Bitcoin Price Volatility, Mining Load Instability, and Demand Response Implications for U.S. Grid Operators – American Journal of Student Research

American Journal of Student Research

Bitcoin Price Volatility, Mining Load Instability, and Demand Response Implications for U.S. Grid Operators

Publication Date : Jun-10-2026

DOI: 10.70251/HYJR2348.43392399


Author(s) :

Xiao Li, Jameson Augustin.


Volume/Issue :
Volume 4
,
Issue 3
(Jun - 2026)



Abstract :

The rapid growth of Bitcoin mining has created a new class of large, financially driven electricity consumers whose demand responds to cryptocurrency markets rather than fixed production schedules, raising concerns for grid planning and demand response design.
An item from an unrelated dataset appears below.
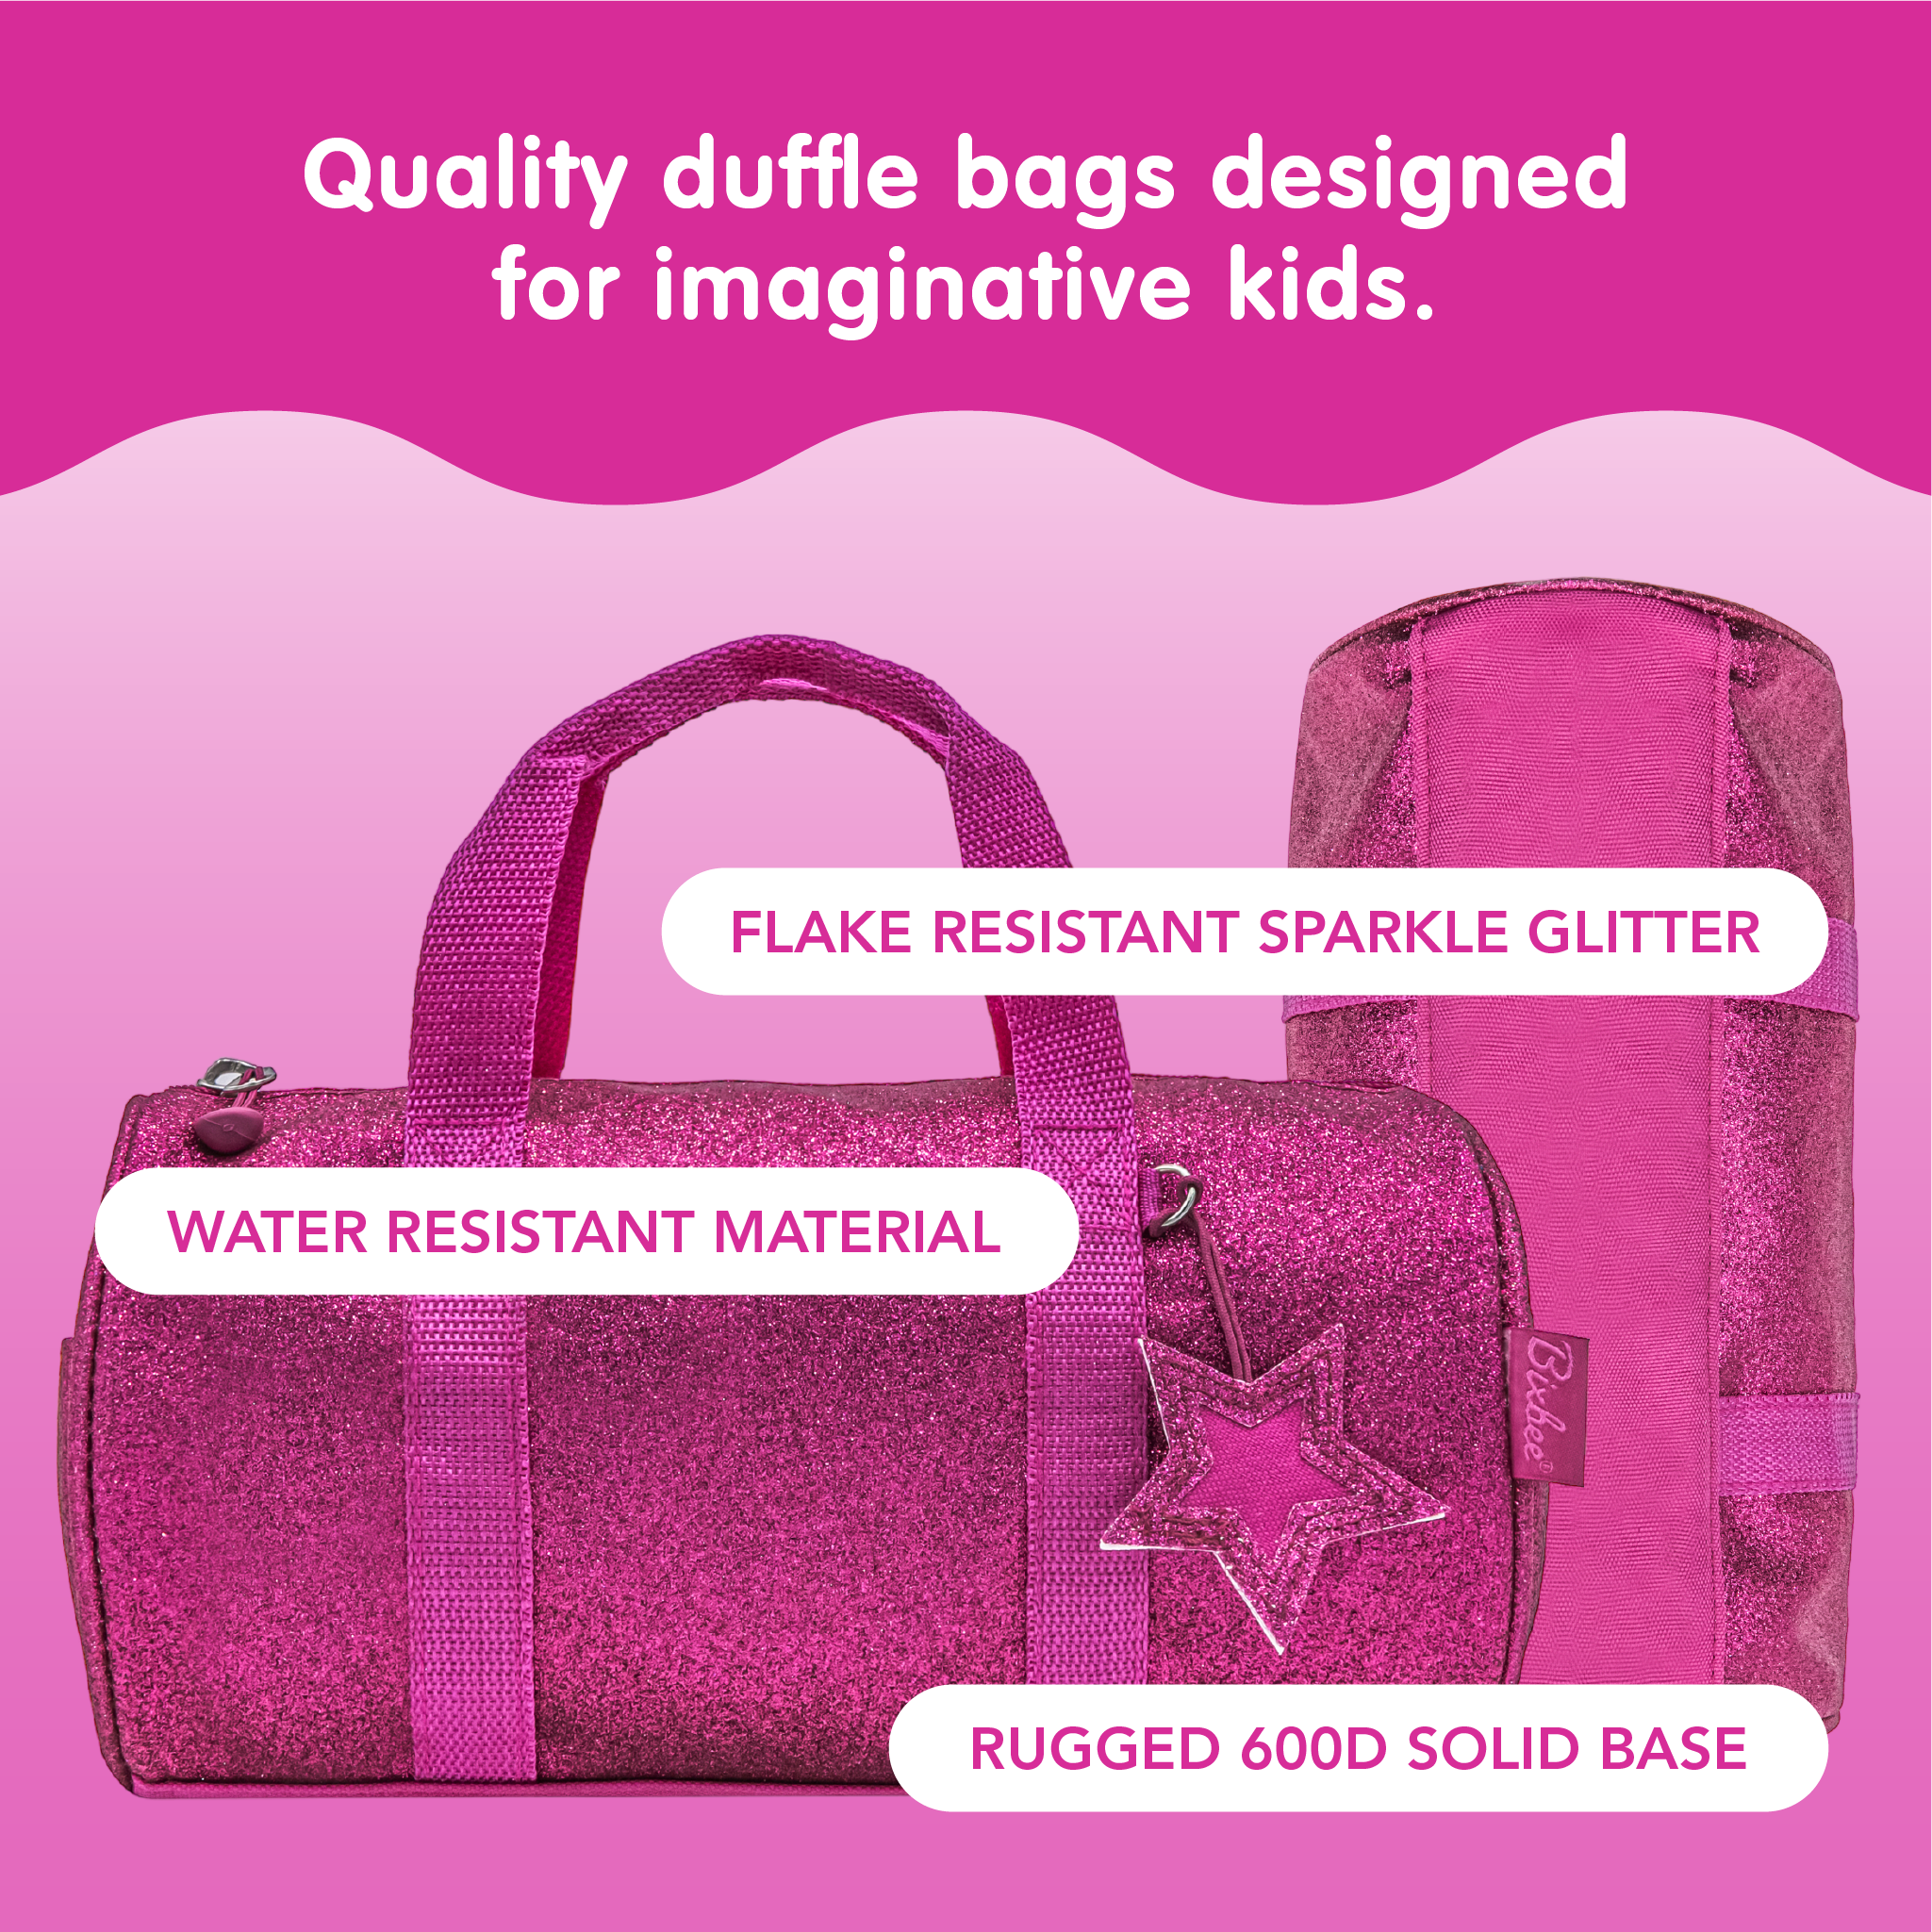 Kids Duffle Bags, Sparkalicious™ Pink Duffles

This study examines whether Bitcoin price volatility is associated with less stable mining incentives and whether mining-related instability reduces the predictability of aggregate electricity demand. Using monthly data from January 2021 to November 2025 for Texas, the analysis combines Bitcoin price, hash price, electricity demand, temperature, and heating degree day data in reduced-form ordinary least squares regressions. Bitcoin price volatility is measured as the absolute monthly percentage change in Bitcoin prices. Mining load instability is proxied by the absolute monthly percentage change in Bitcoin hash price, while grid instability is measured using monthly variability in a state-level electricity demand proxy. The results show that Bitcoin price volatility is significantly associated with mining load instability, with a one percentage point increase in price volatility corresponding to an increase of approximately 2.5 units in the mining instability proxy. In contrast, mining load instability is not statistically significant in explaining aggregate electricity demand variability at the monthly, system-wide planning horizon. These findings suggest that mining-related risks may be masked at coarse time scales and require higherfrequency operational data for direct reliability assessment.